■ **The task**:
With pictures excluded, copy word for word the lines in the data below from the line containing "Stay out of my bubble heifer classic shirt" through the line containing "Tips for making".

■ **Record extracts**:

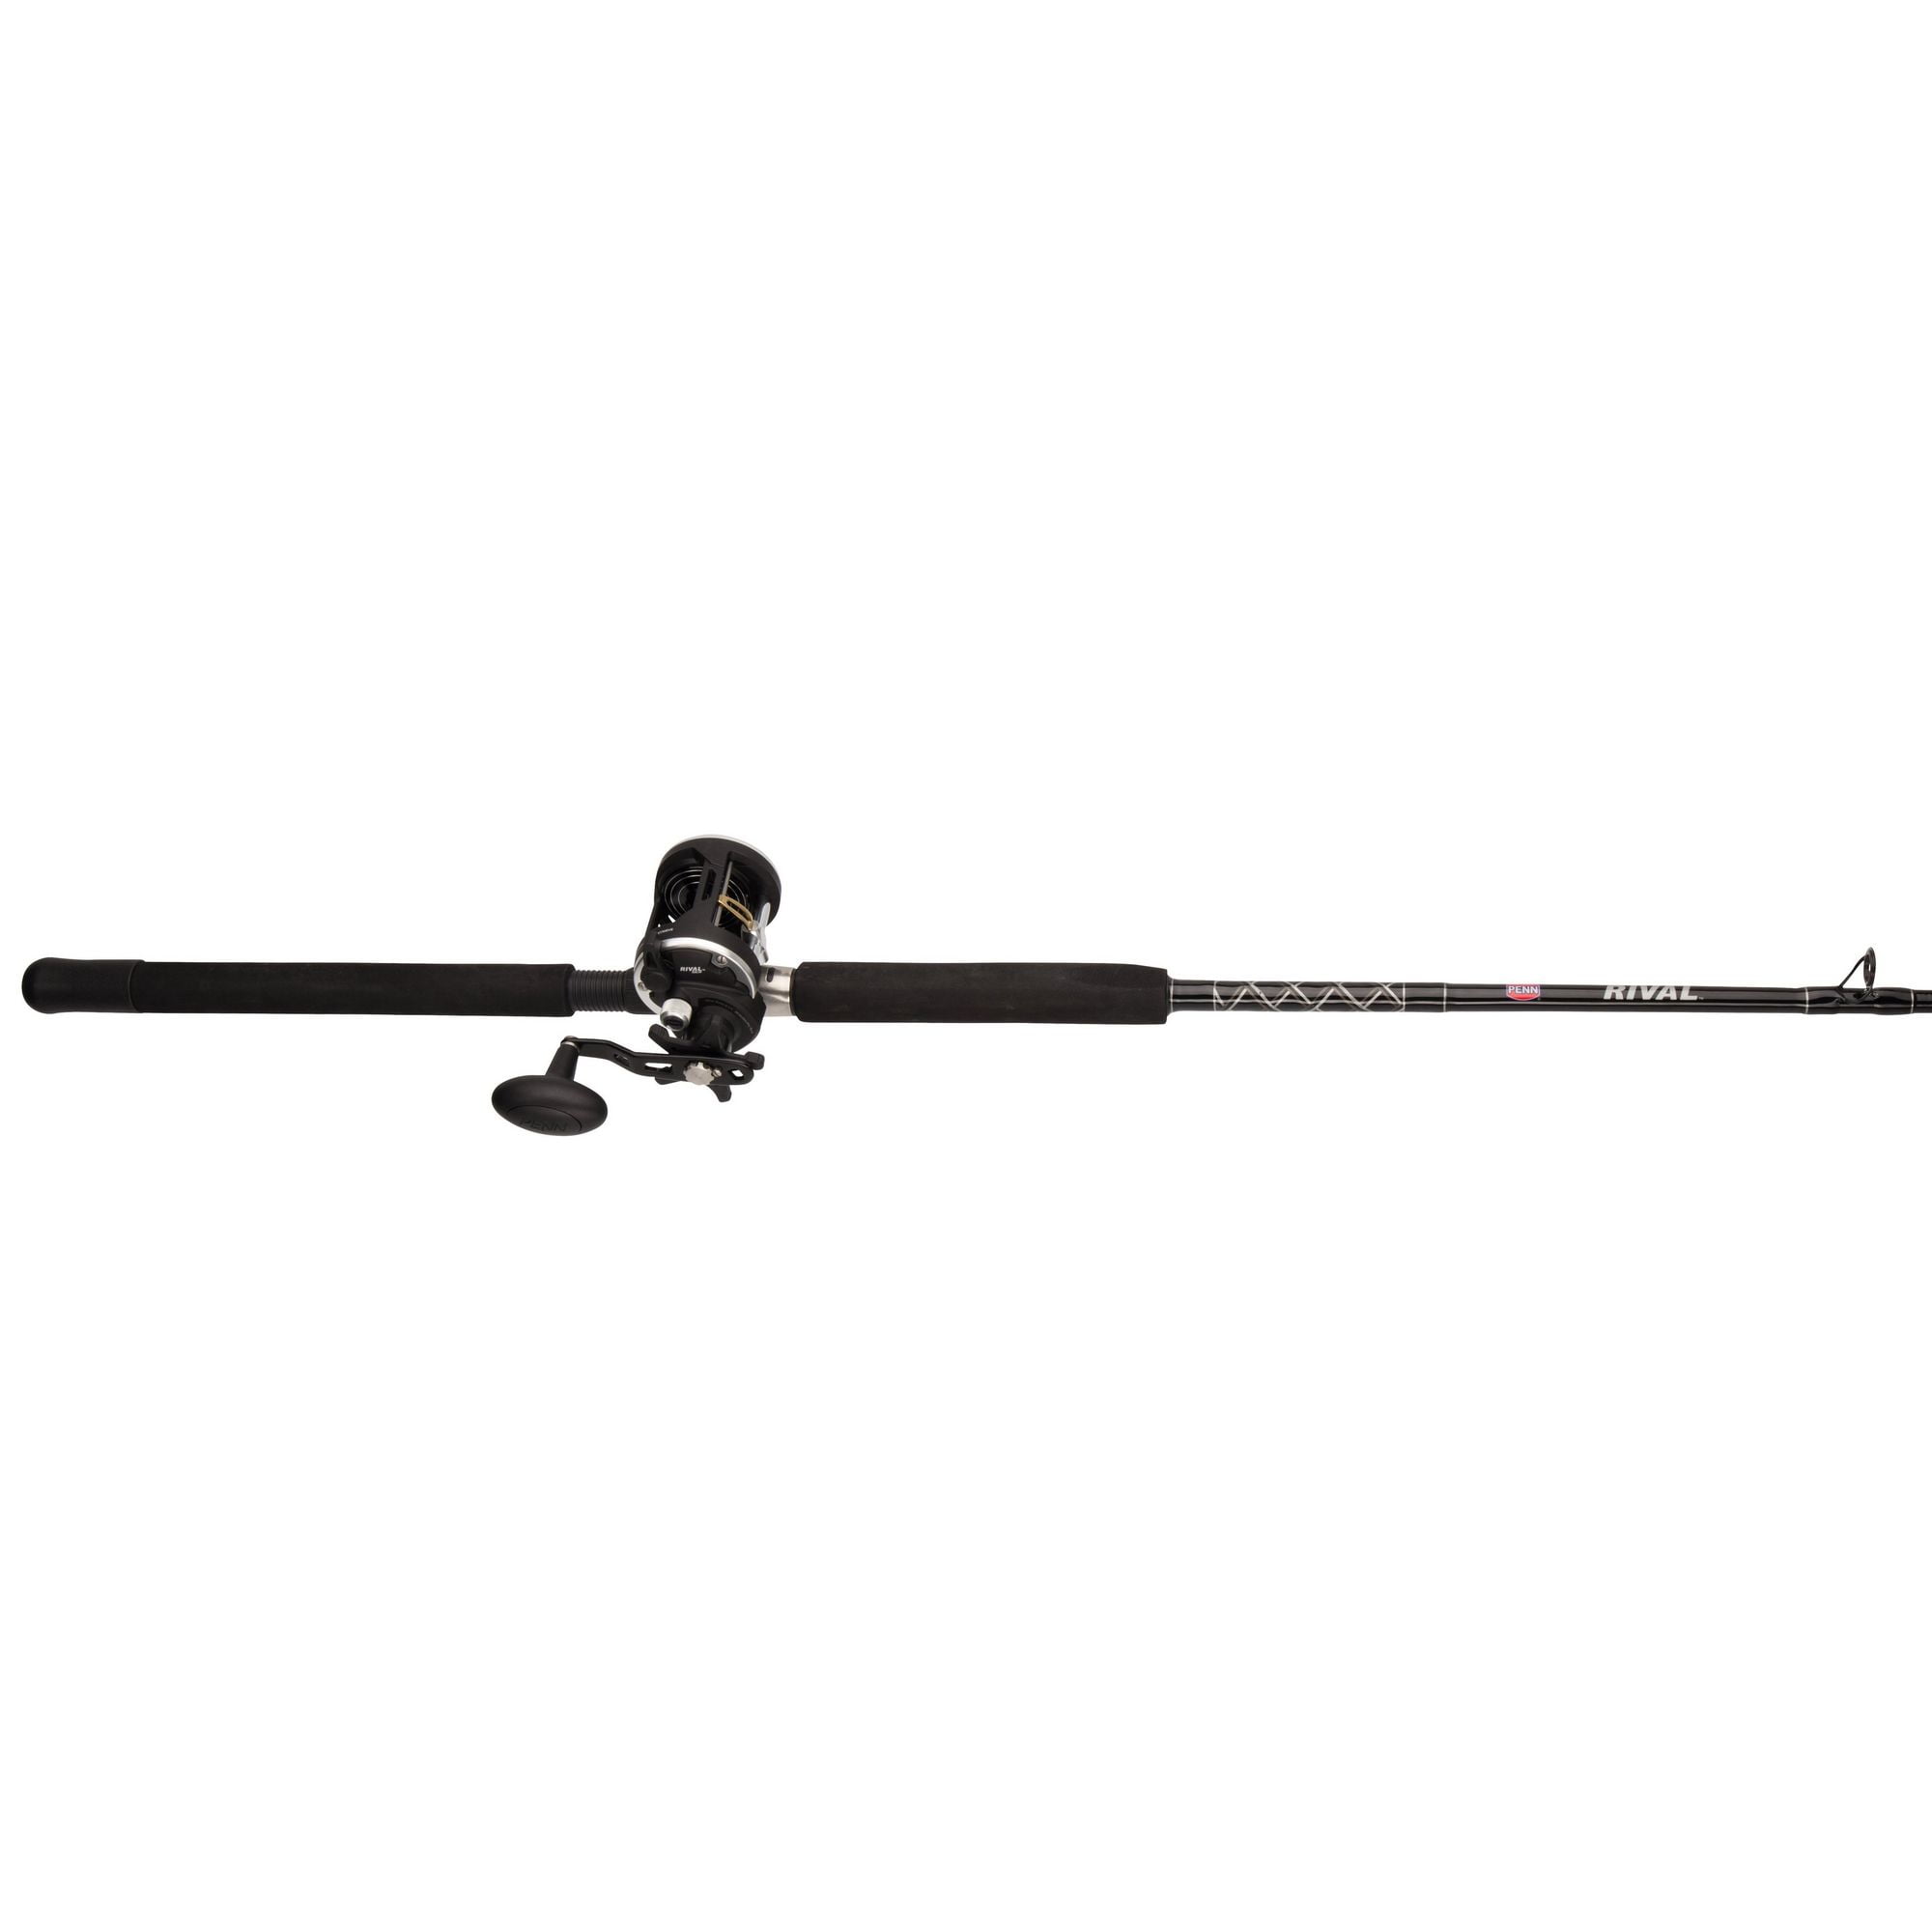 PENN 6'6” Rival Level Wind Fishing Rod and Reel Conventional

--

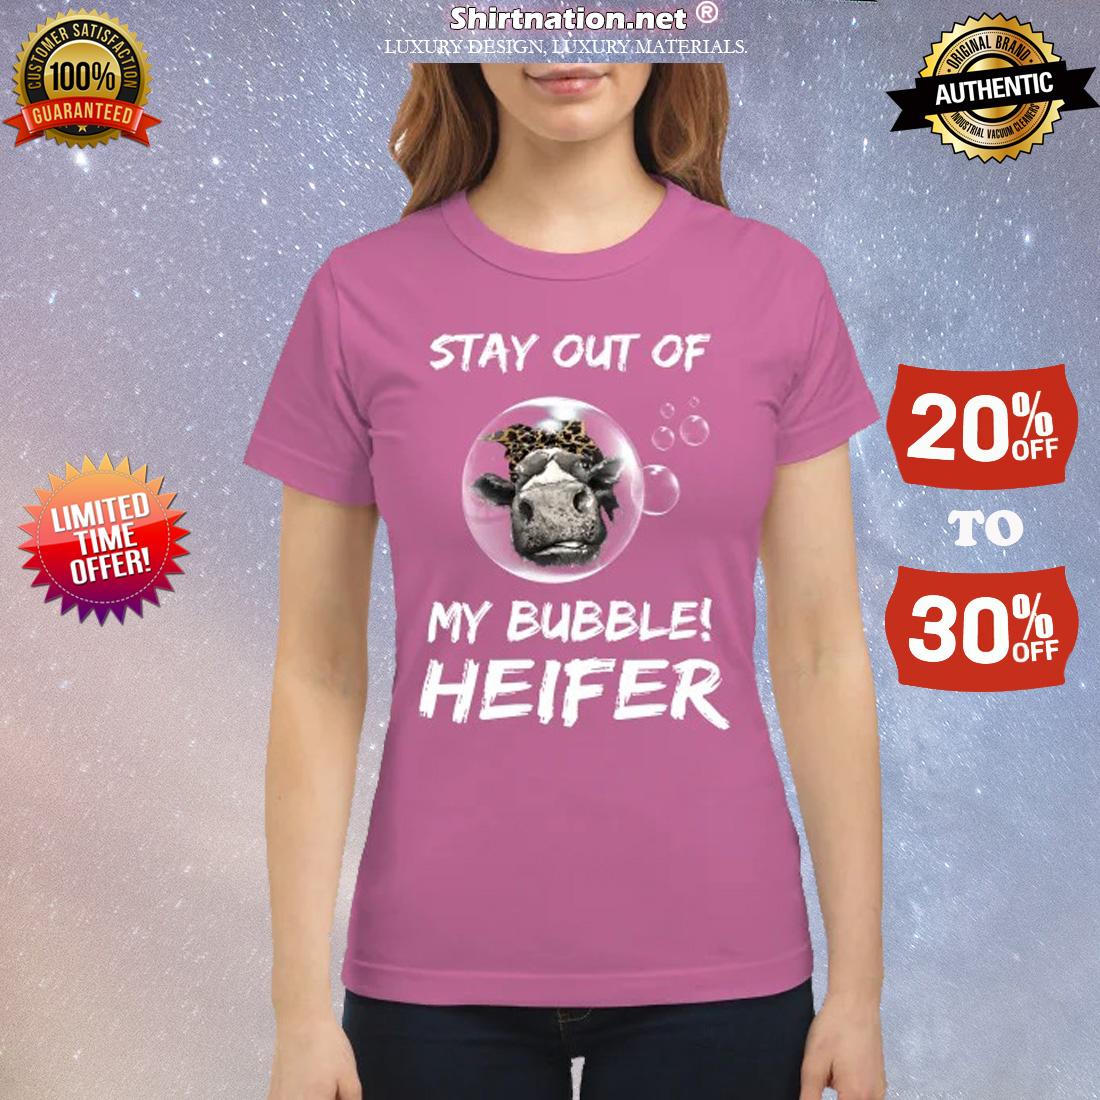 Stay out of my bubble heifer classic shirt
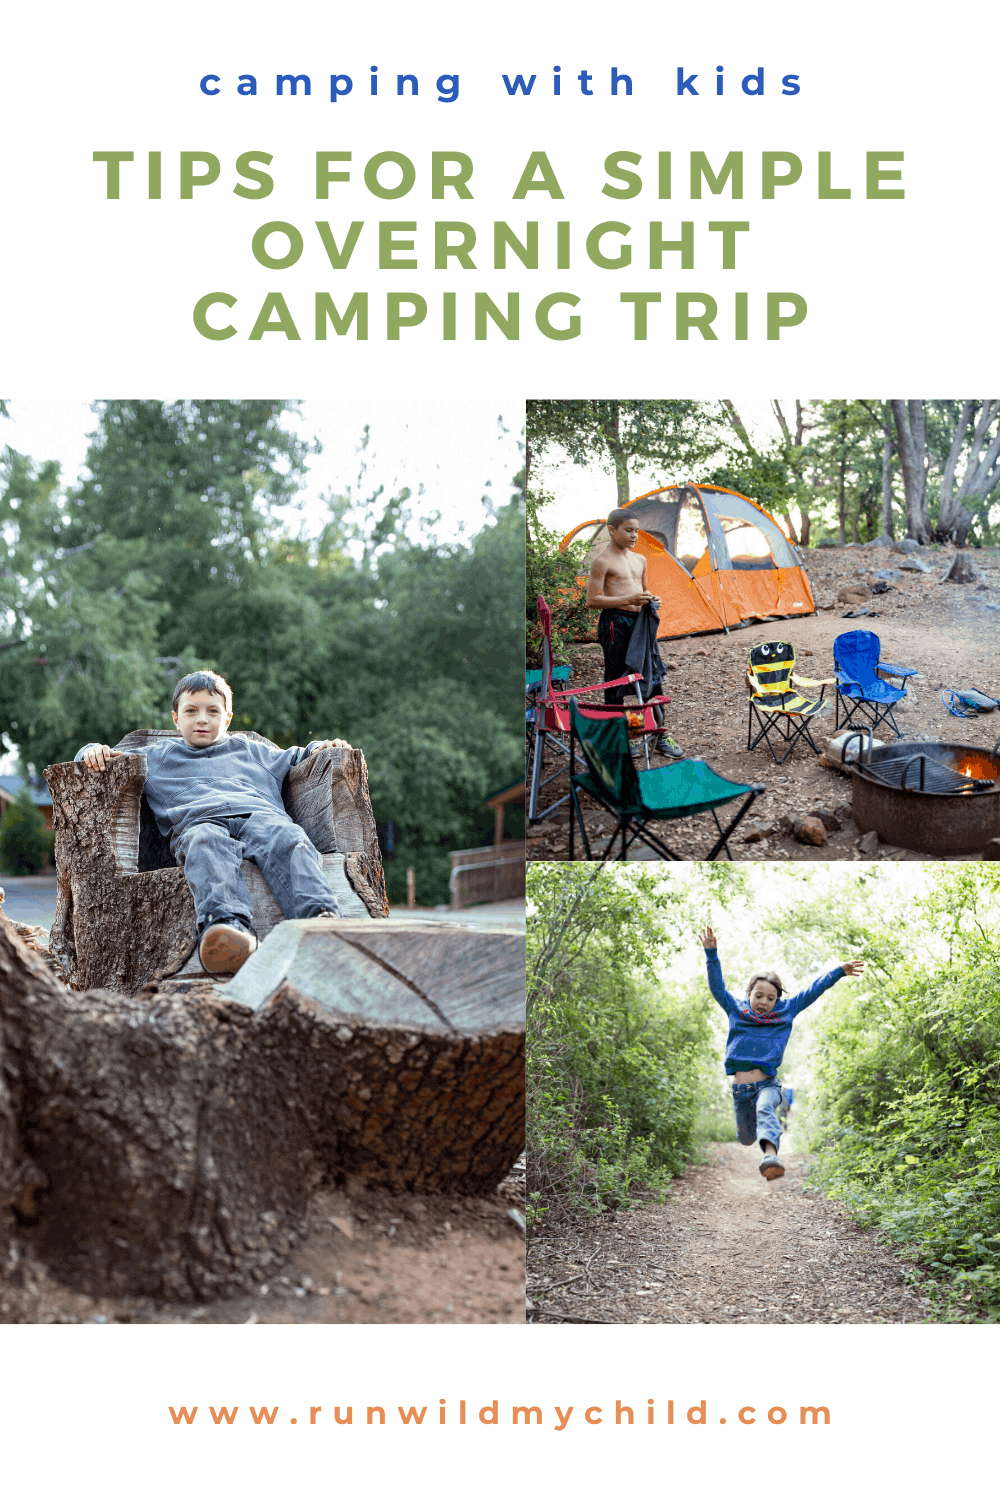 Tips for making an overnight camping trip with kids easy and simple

■ **Worked solution**:
 Stay out of my bubble heifer classic shirt
 Tips for making an overnight camping trip with kids easy and simple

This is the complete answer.